Exercise description: Write out each line of the listing as it stands, without the images.

Collected material:
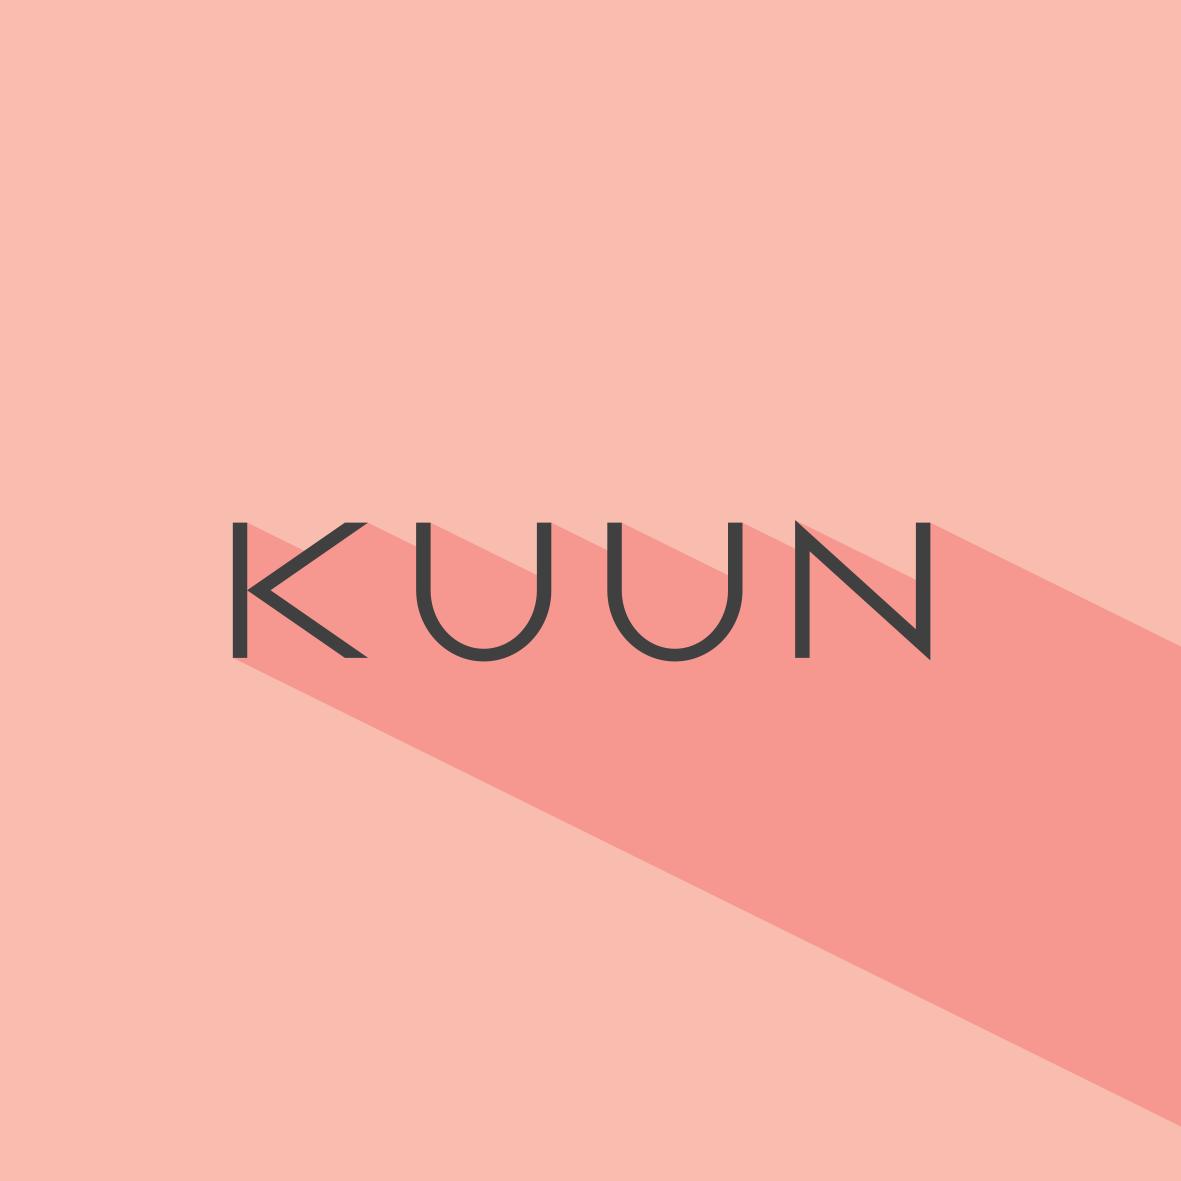 KUUN design logo
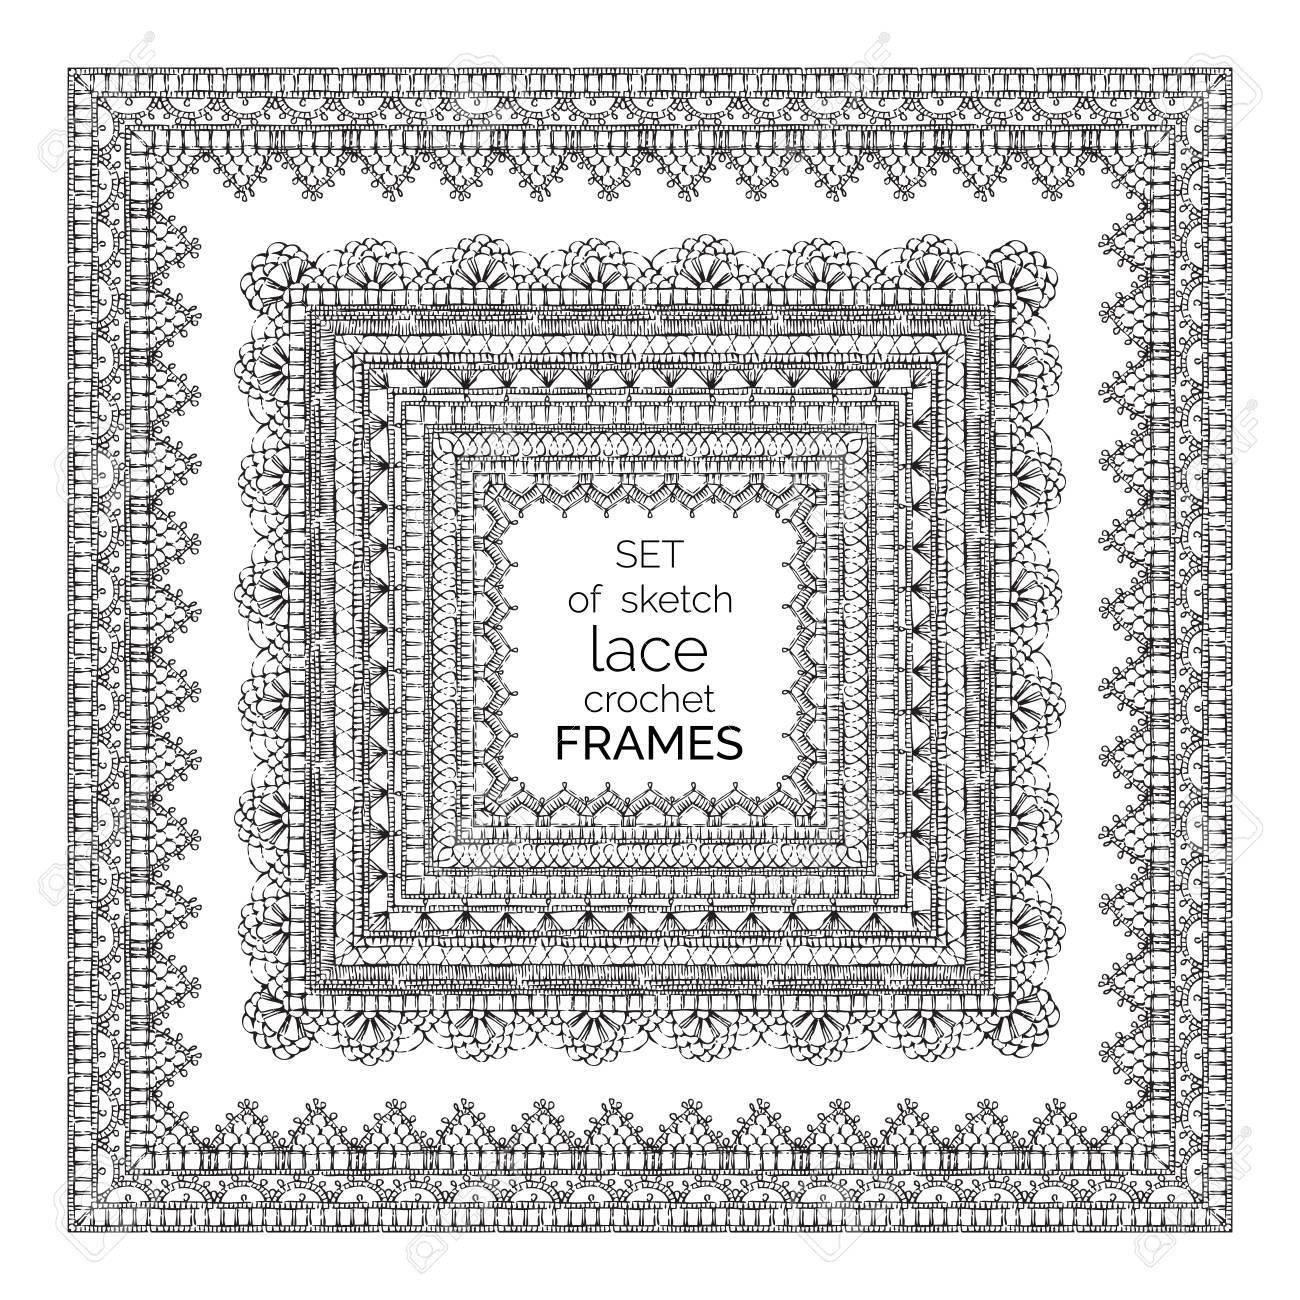 Vector Set Of Sketch Lace Crochet Square Frames. Ornate Crochet ...
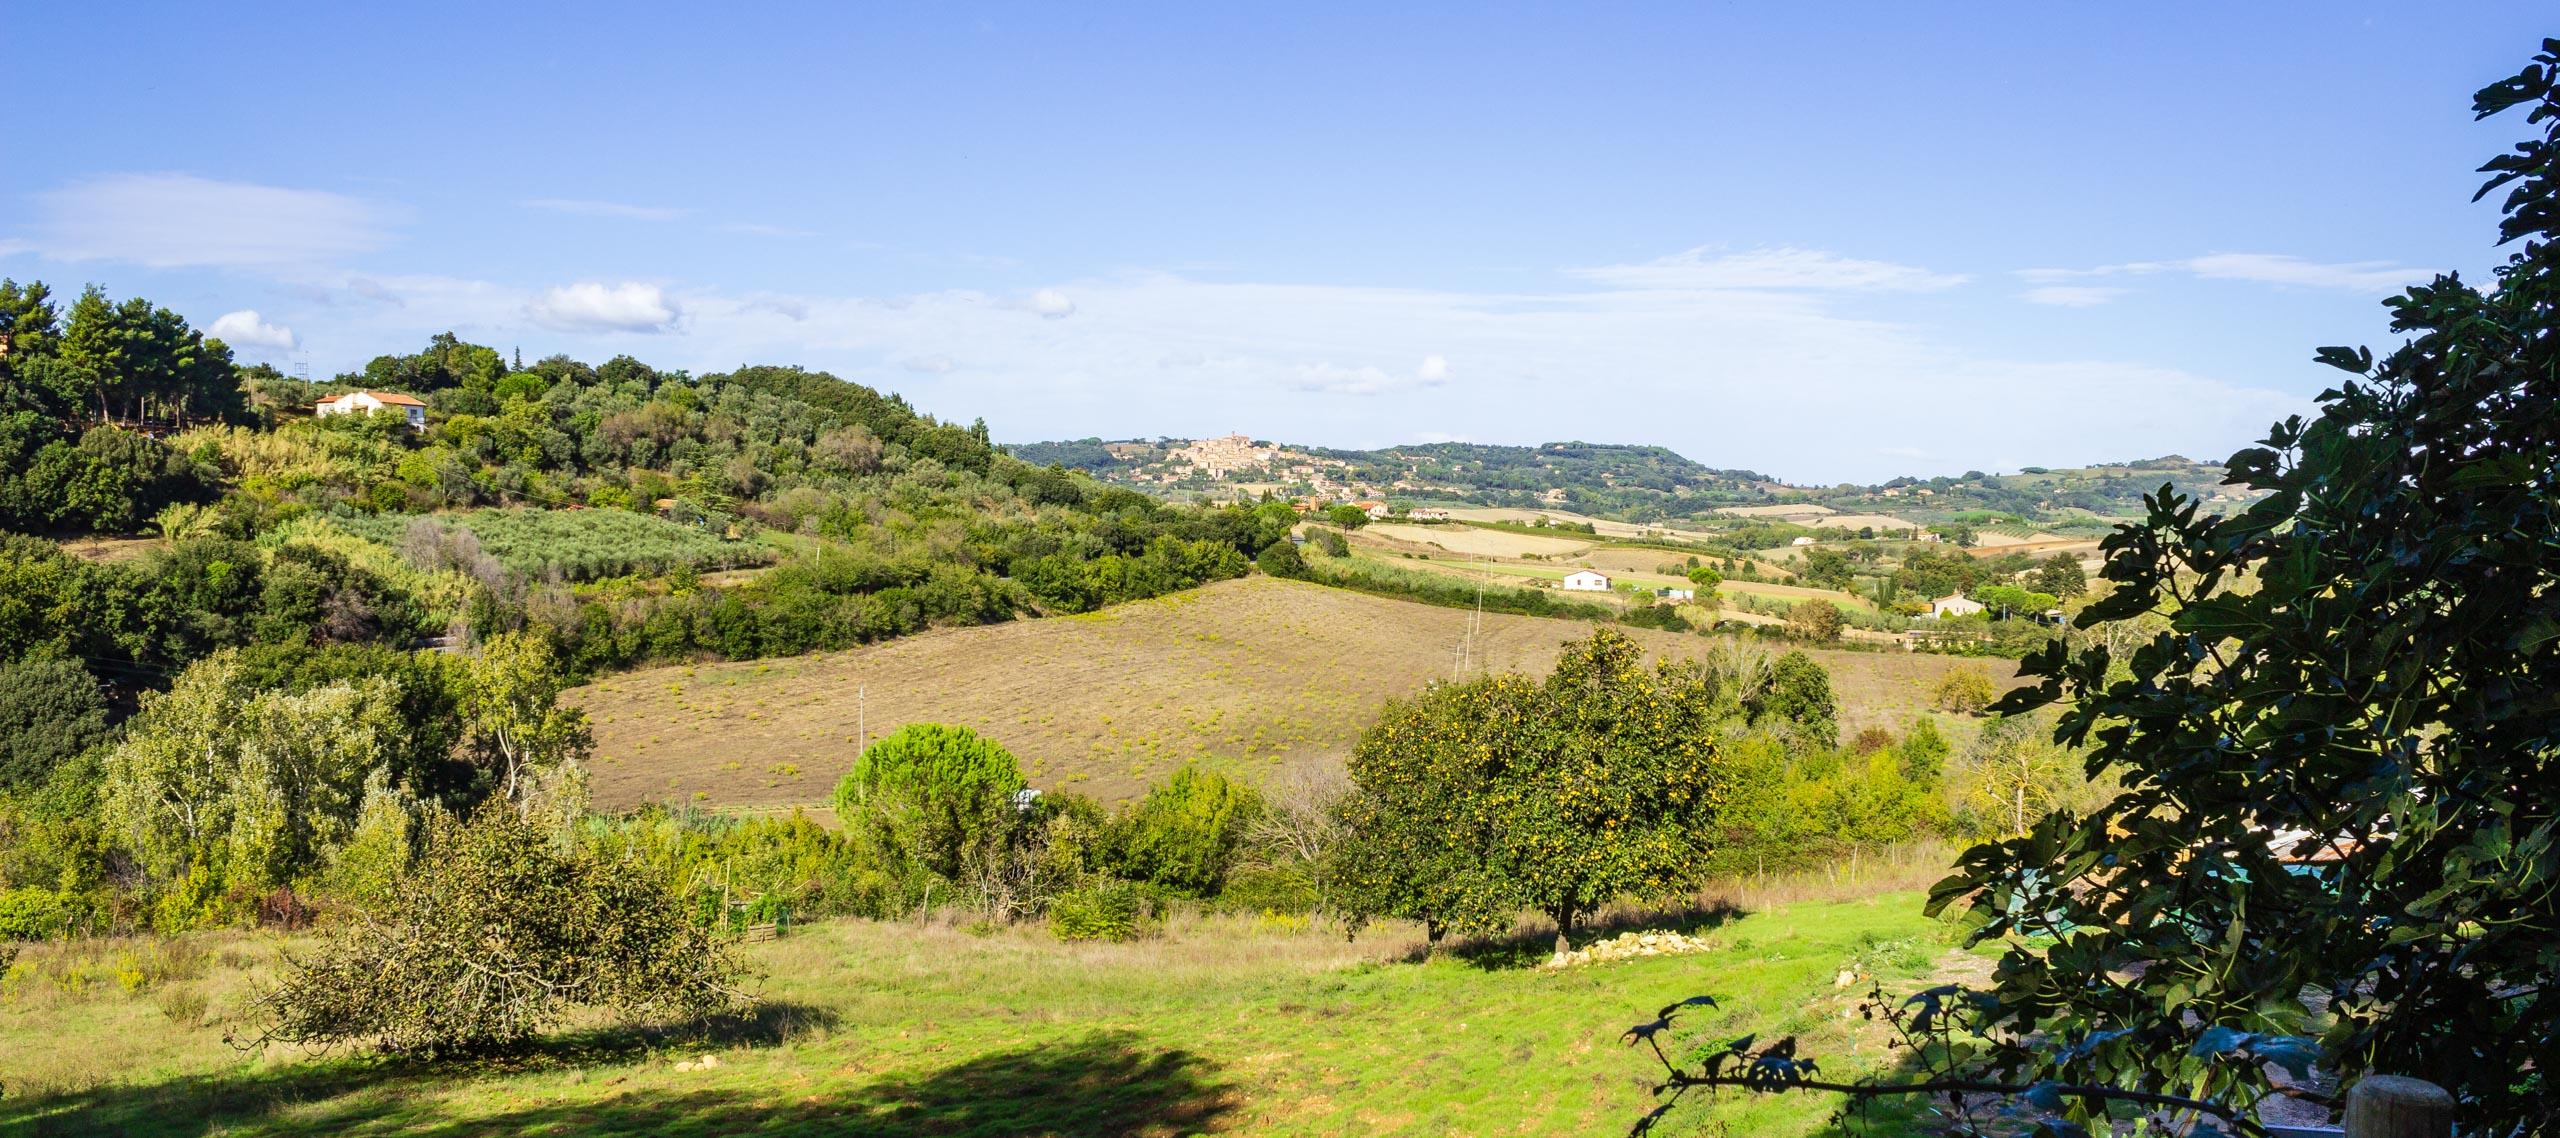 2013 10 Tuscany Panorama 004

Output of the task:
 KUUN design logo
 Vector Set Of Sketch Lace Crochet Square Frames. Ornate Crochet ...
 2013 10 Tuscany Panorama 004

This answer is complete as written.